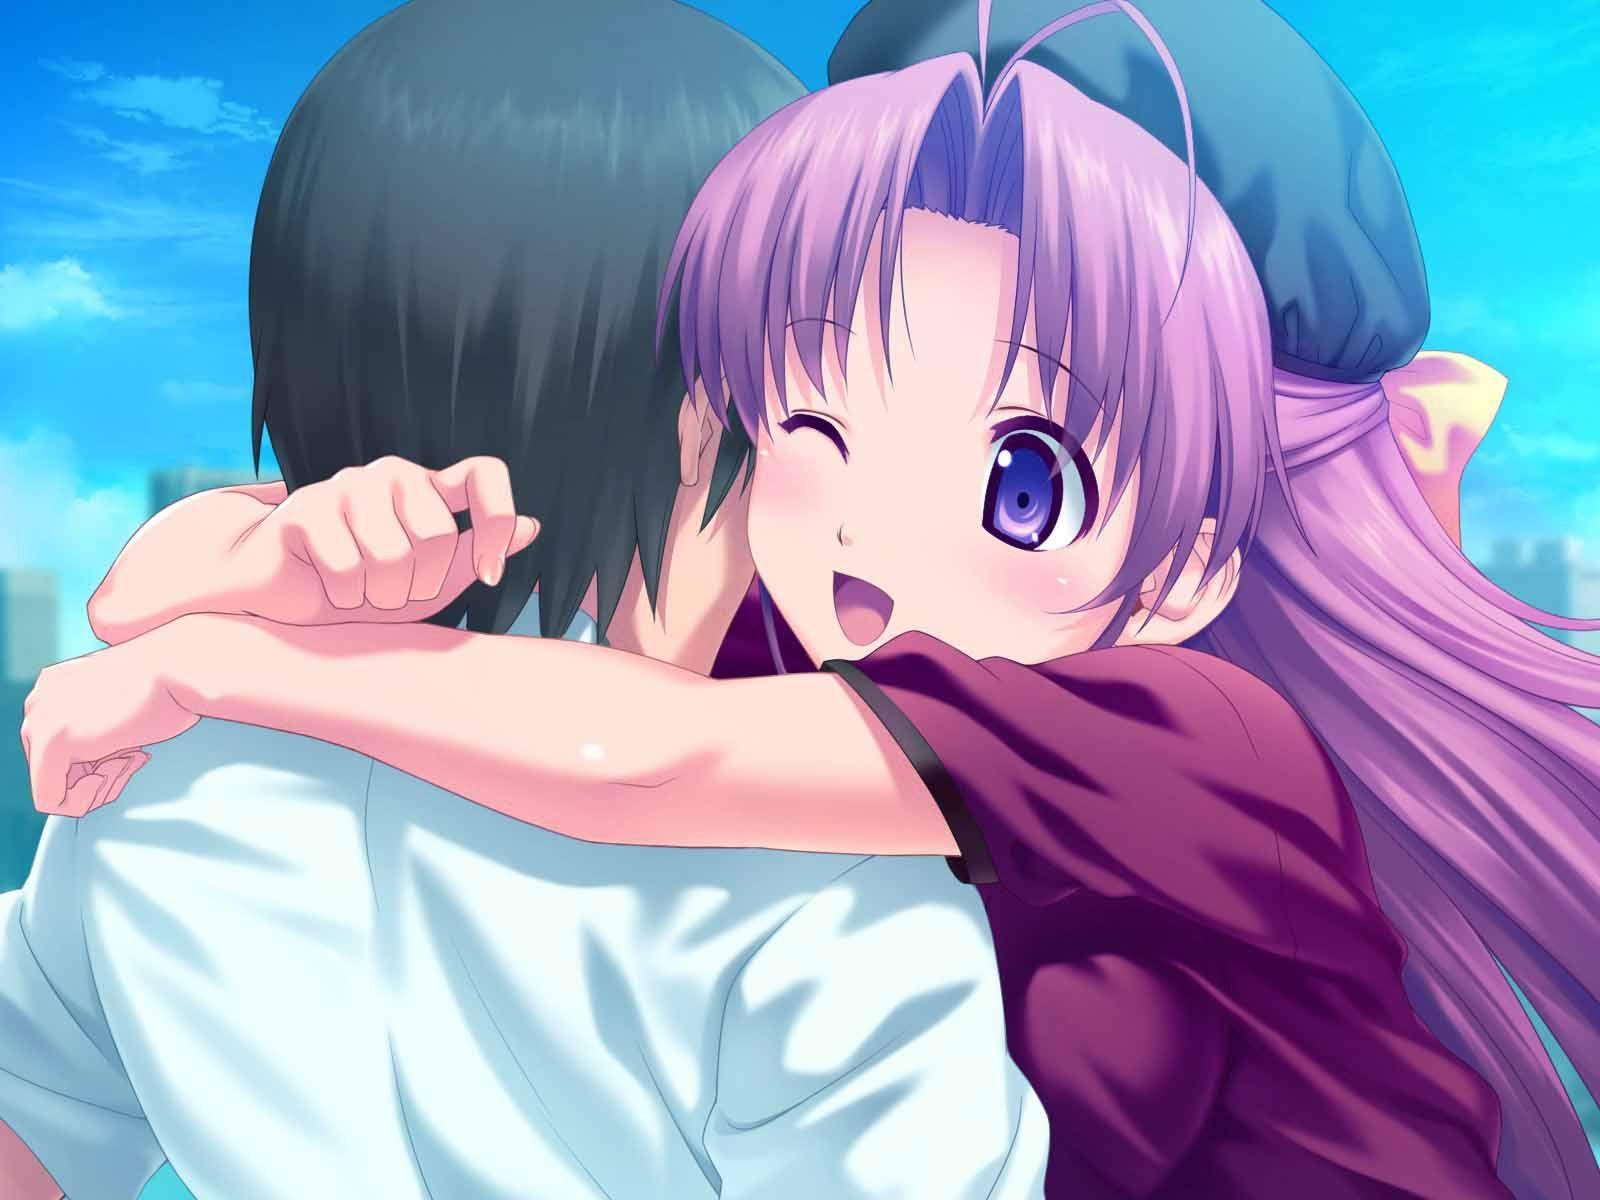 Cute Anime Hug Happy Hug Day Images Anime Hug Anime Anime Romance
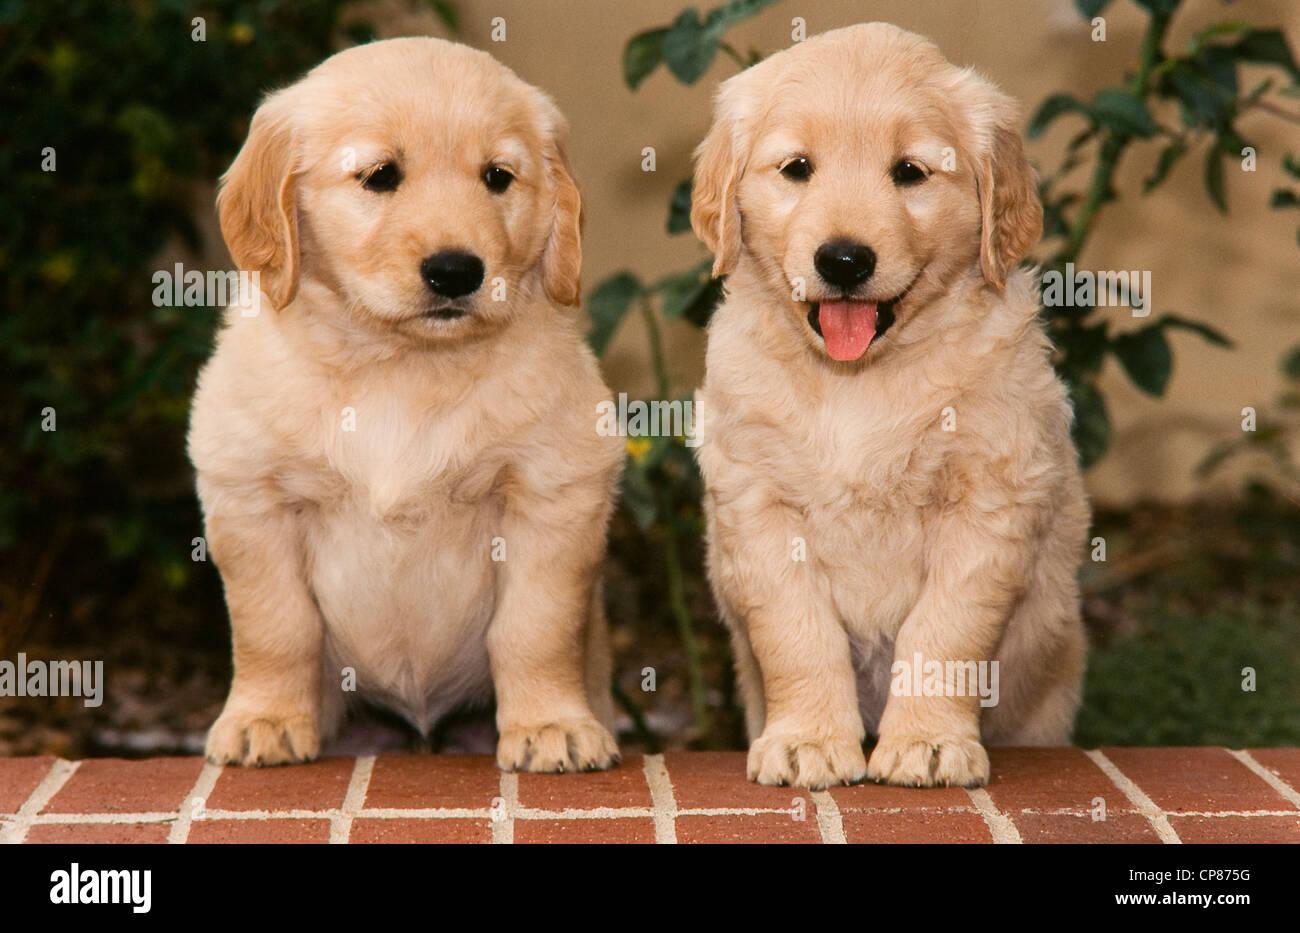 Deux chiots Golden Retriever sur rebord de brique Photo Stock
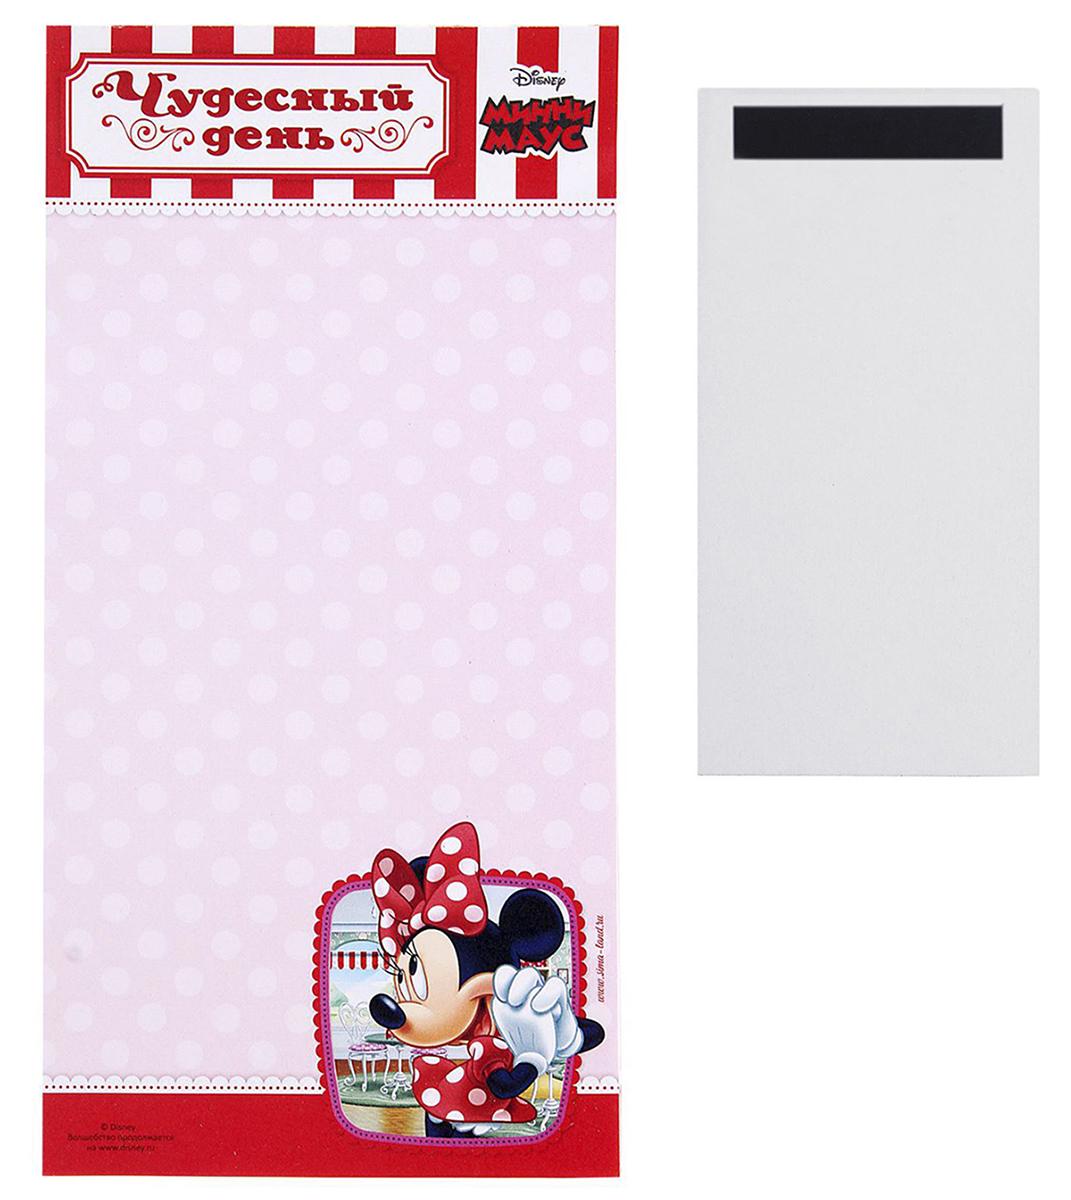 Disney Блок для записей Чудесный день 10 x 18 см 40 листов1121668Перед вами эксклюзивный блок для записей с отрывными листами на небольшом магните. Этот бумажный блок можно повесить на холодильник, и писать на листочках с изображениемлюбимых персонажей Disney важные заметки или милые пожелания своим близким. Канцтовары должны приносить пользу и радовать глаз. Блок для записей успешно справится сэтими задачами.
==========
> **PROBLEM STATEMENT**: Please restate exactly the lines from the one containing "Deux chiots Golden" down to the end of the material, both ends kept, and do not include the pictures.

> **WRITTEN SOLUTION**:
 Deux chiots Golden Retriever sur rebord de brique Photo Stock
 Disney Блок для записей Чудесный день 10 x 18 см 40 листов1121668Перед вами эксклюзивный блок для записей с отрывными листами на небольшом магните. Этот бумажный блок можно повесить на холодильник, и писать на листочках с изображениемлюбимых персонажей Disney важные заметки или милые пожелания своим близким. Канцтовары должны приносить пользу и радовать глаз. Блок для записей успешно справится сэтими задачами.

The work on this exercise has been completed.